# Directions:
Repeat only what runs from the line with "It's tough to play with an injury." through the last line of the data below, both included, keeping every word as it is and leaving out the pictures.

# Supplied information:
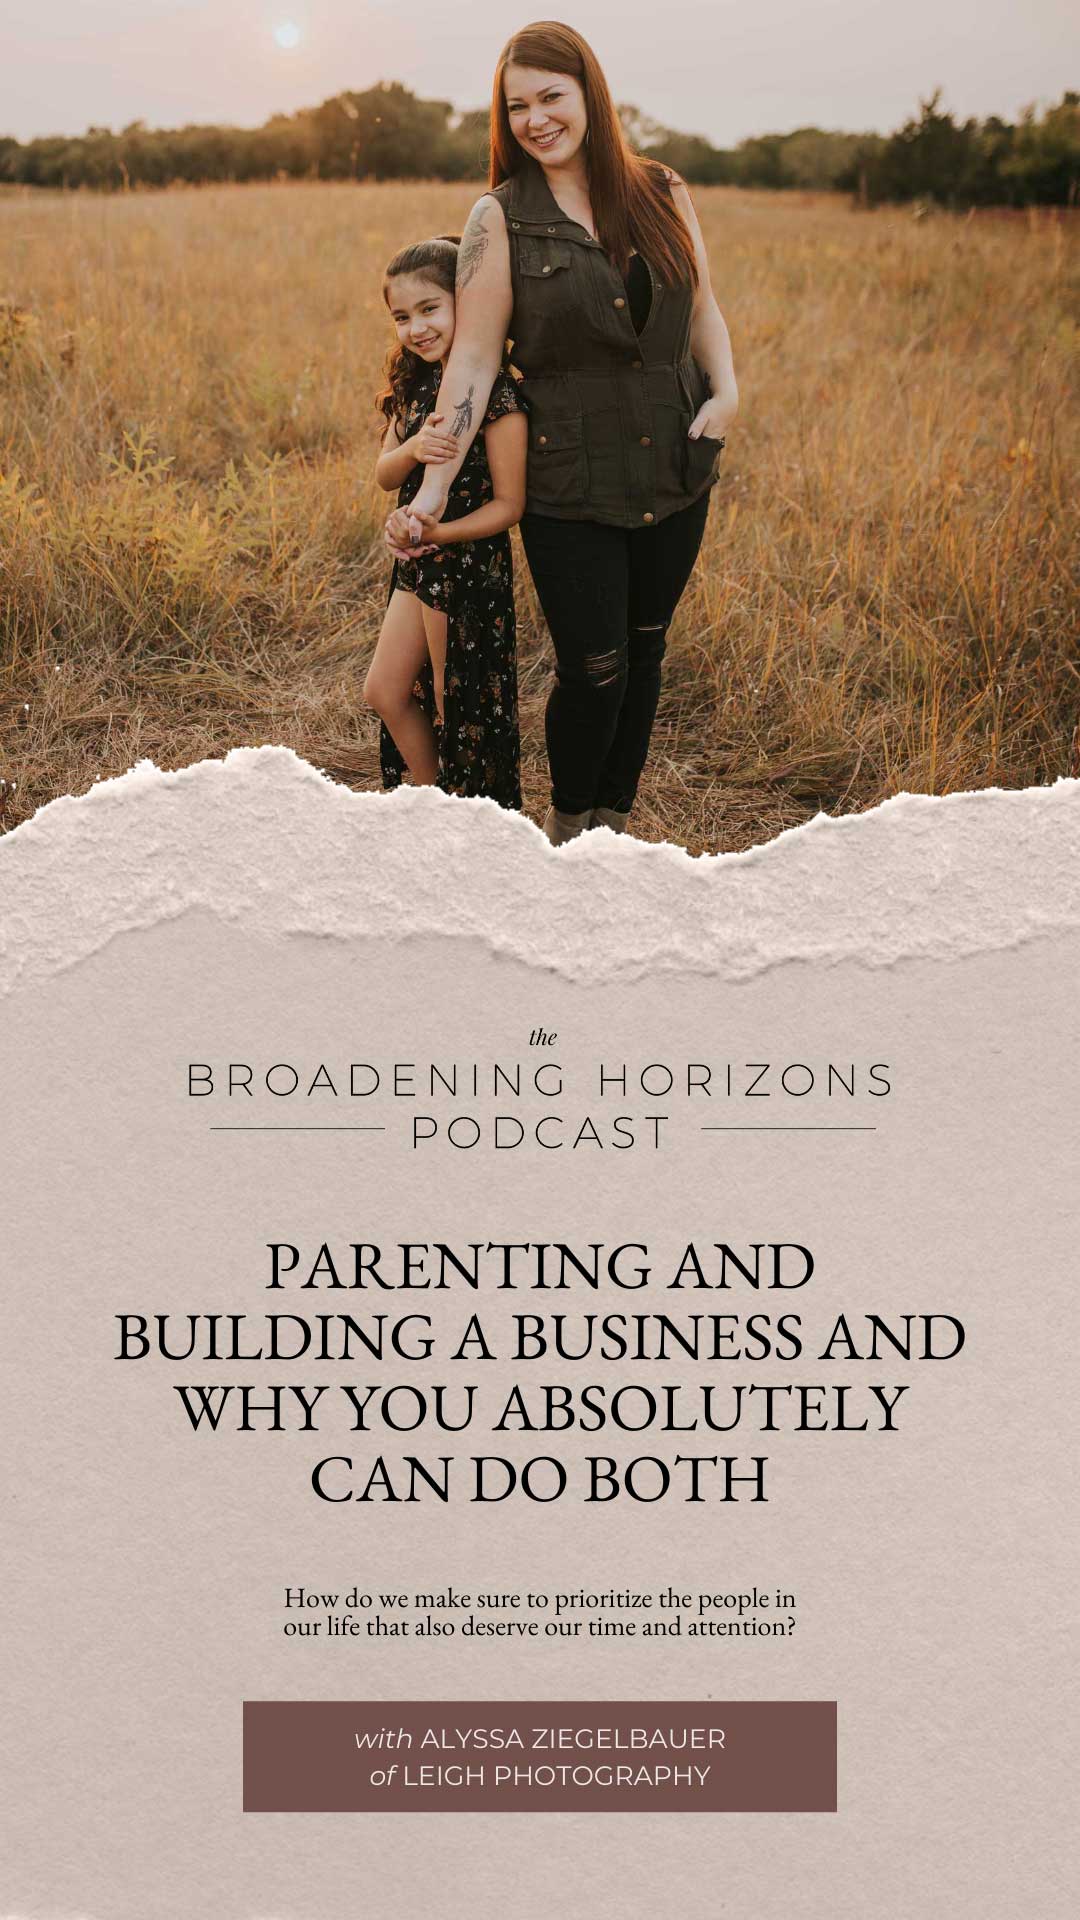 Parenting and Building a Business and Why You Absolutely Can Do Both with Alyssa Ziegelbauer of Leigh Photography from www.sweethorizonblog.com
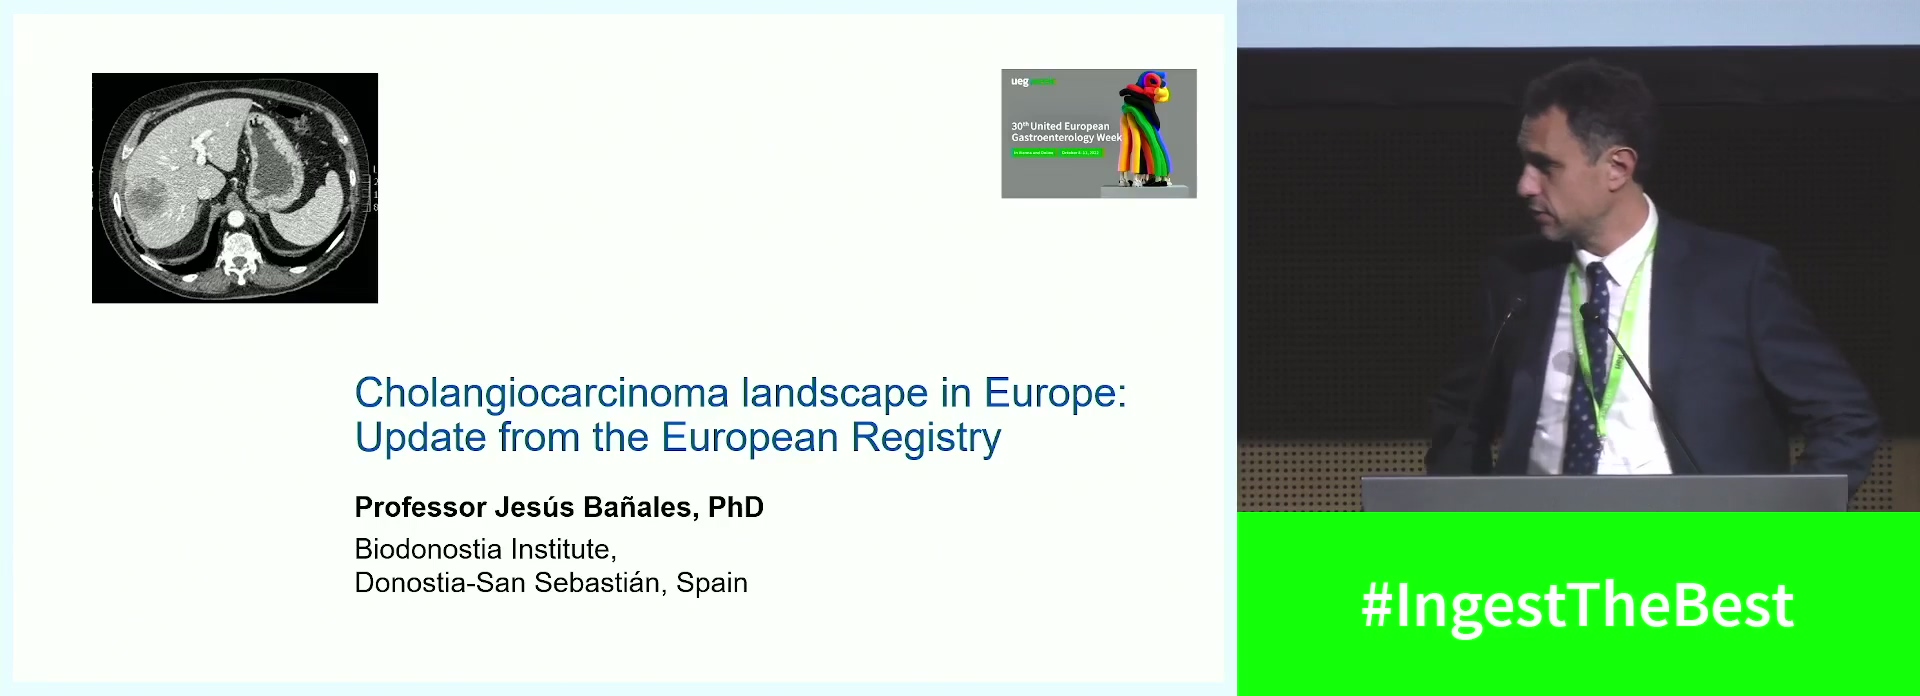 Cholangiocarcinoma landscape in Europe: Updates from the European Registry
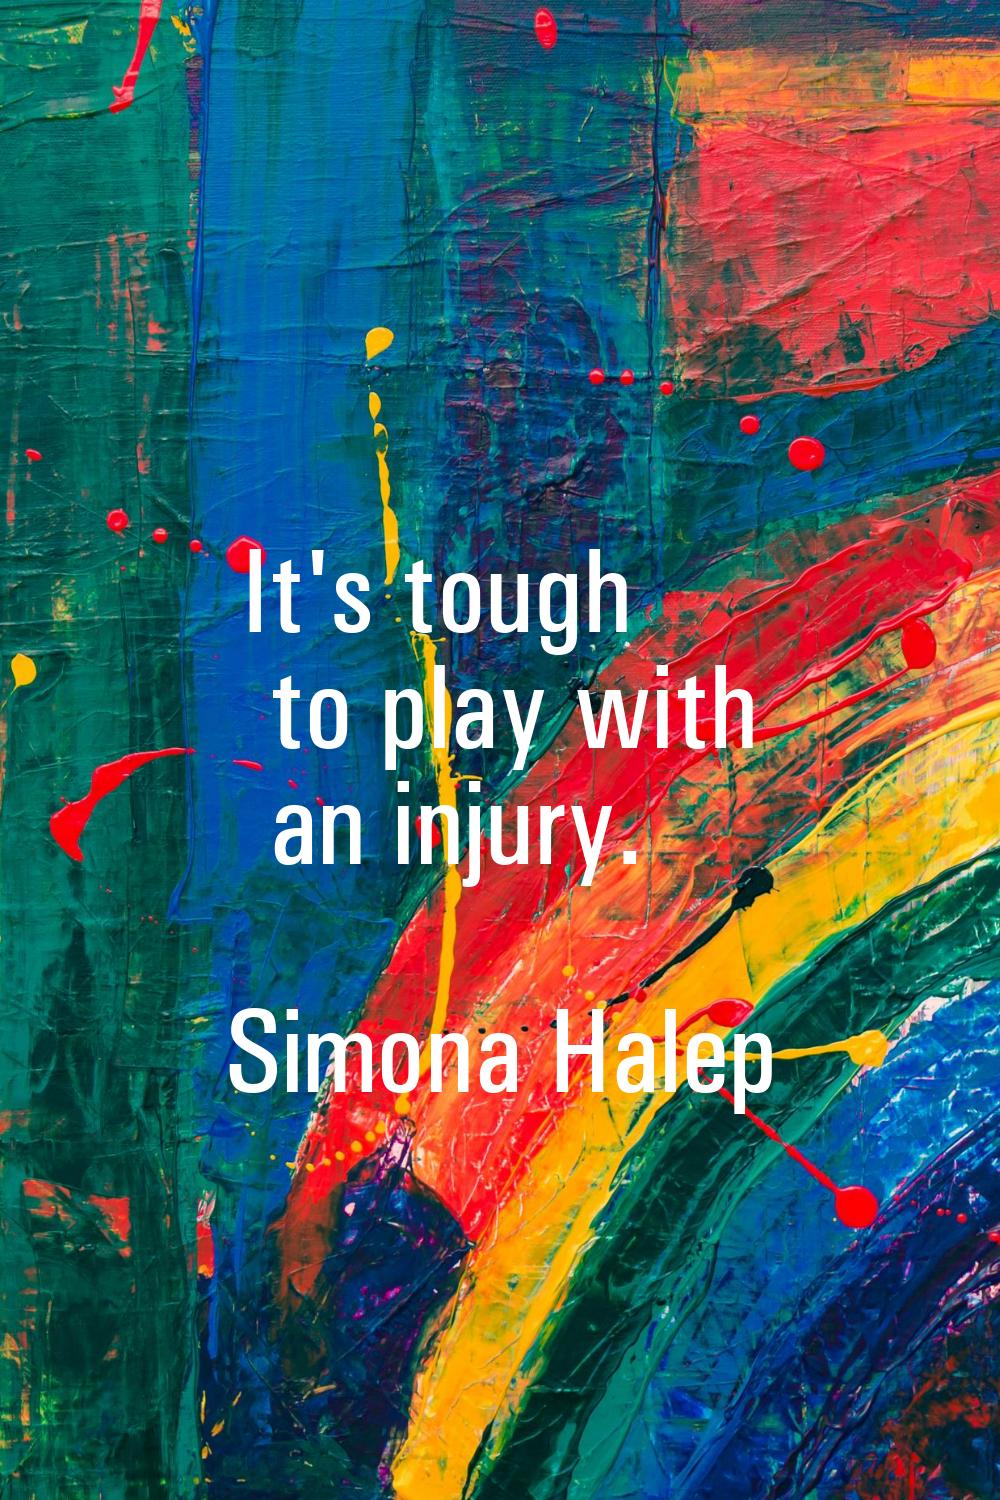 It's tough to play with an injury.
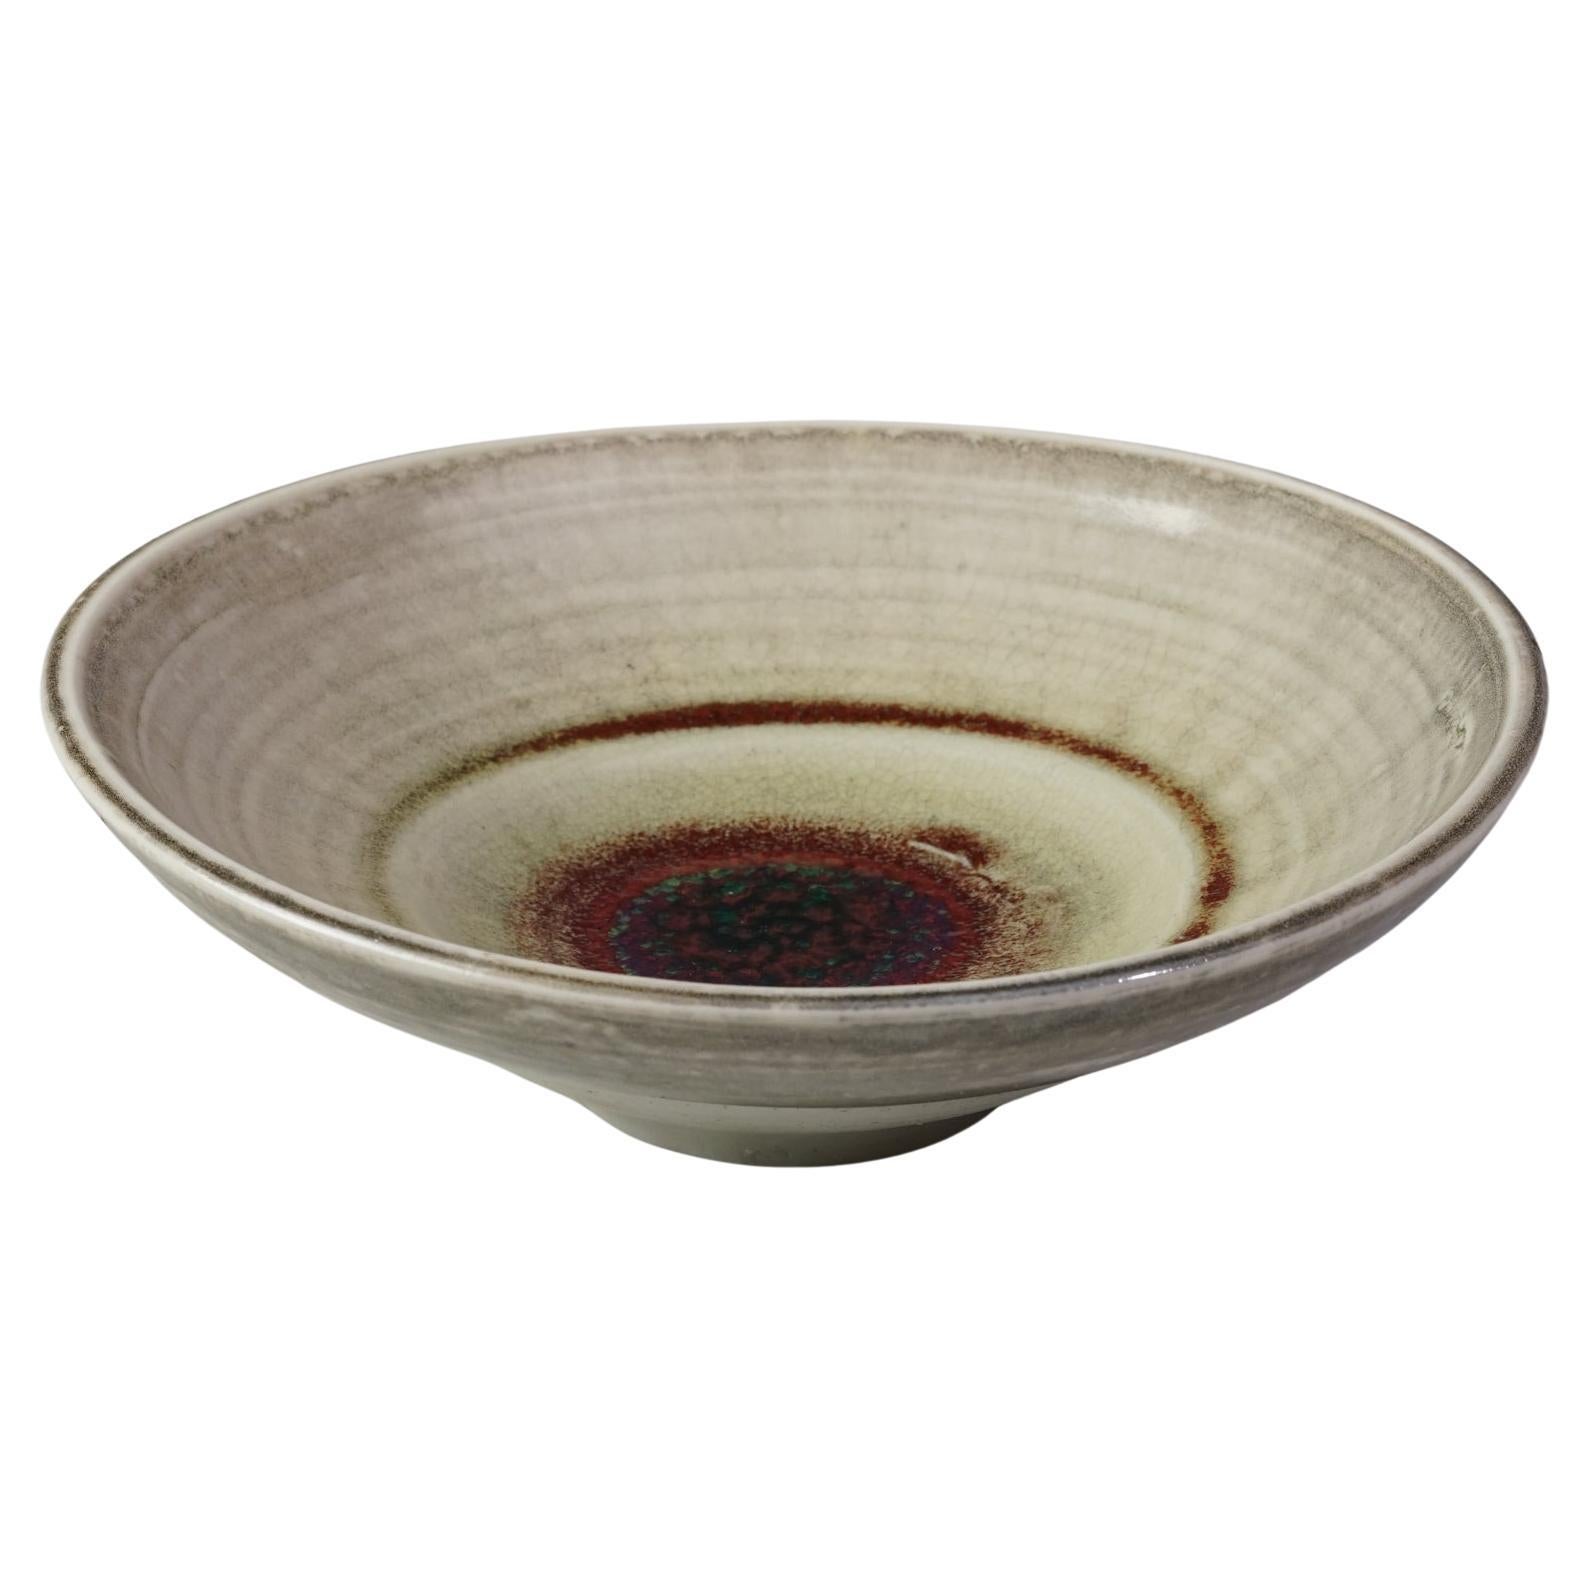 Scandinavian Modern Ceramic Bowl by Aune Siimes for Arabia, 1940s/1950s For Sale

# Answer section:
 It's tough to play with an injury.
 Scandinavian Modern Ceramic Bowl by Aune Siimes for Arabia, 1940s/1950s For Sale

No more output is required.